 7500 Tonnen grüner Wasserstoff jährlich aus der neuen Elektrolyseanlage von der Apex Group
---
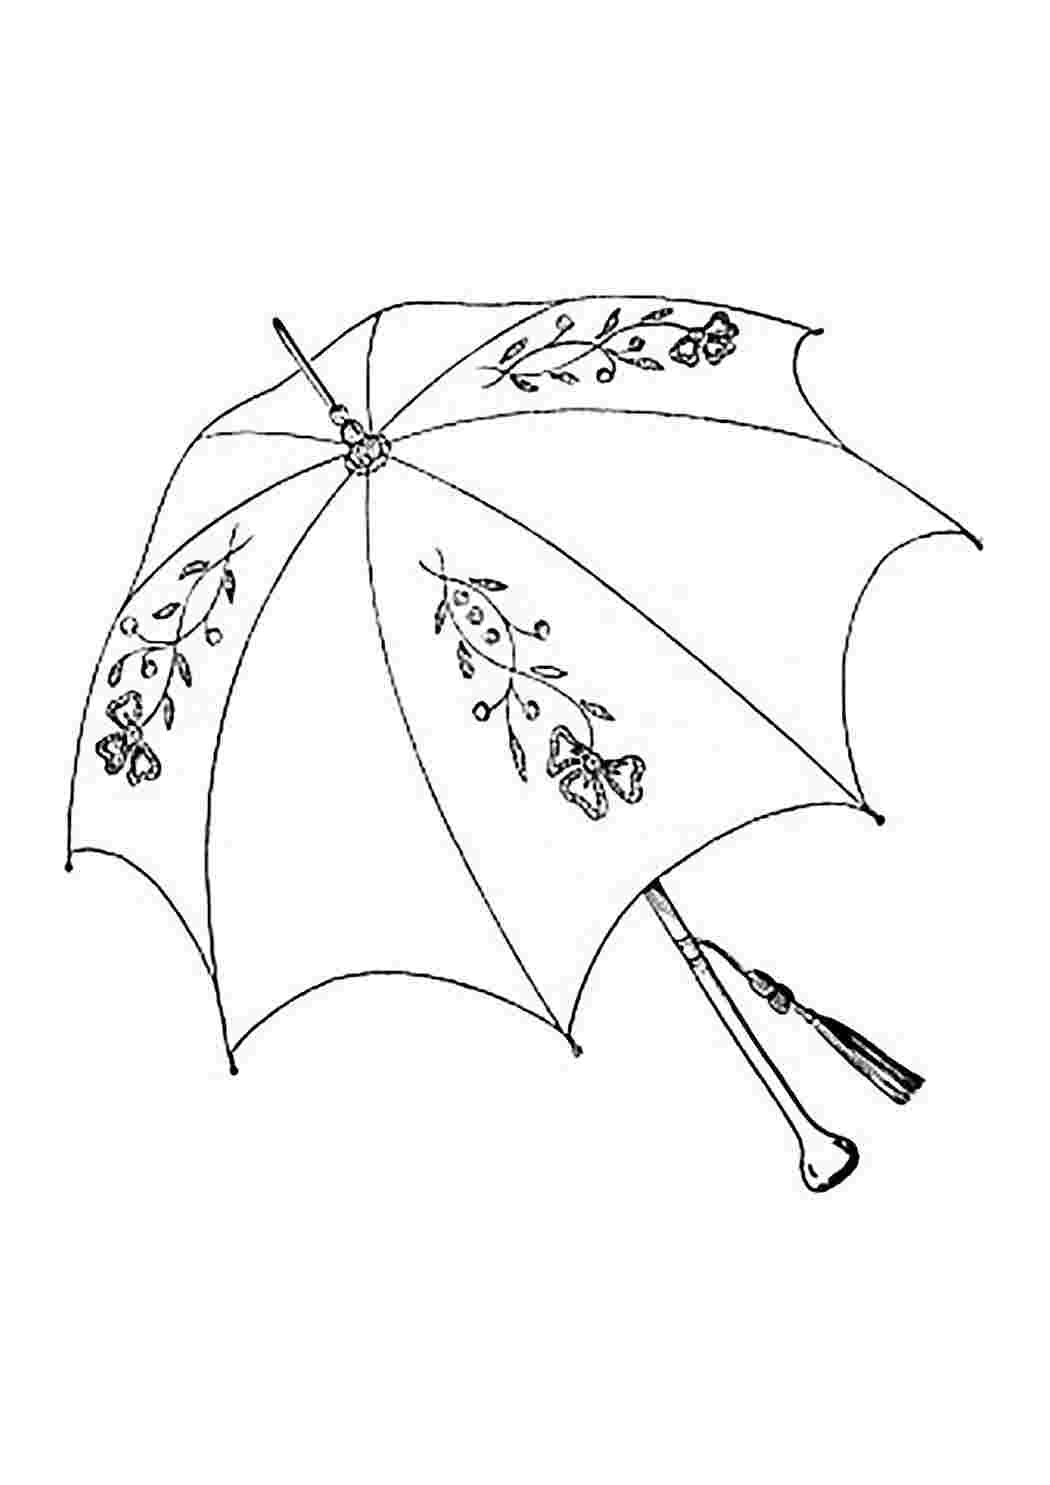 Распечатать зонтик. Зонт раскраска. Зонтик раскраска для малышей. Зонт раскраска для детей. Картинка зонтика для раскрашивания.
...
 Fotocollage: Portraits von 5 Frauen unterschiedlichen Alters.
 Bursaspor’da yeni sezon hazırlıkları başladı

Prompt
Give back, unchanged, the run of lines in the listing above that begins at the line containing "Fotocollage: Portraits von" and ends at the line containing "Bursaspor’da yeni sezon hazırlıkları başladı", both included.

Answer space
 Fotocollage: Portraits von 5 Frauen unterschiedlichen Alters.
 Bursaspor’da yeni sezon hazırlıkları başladı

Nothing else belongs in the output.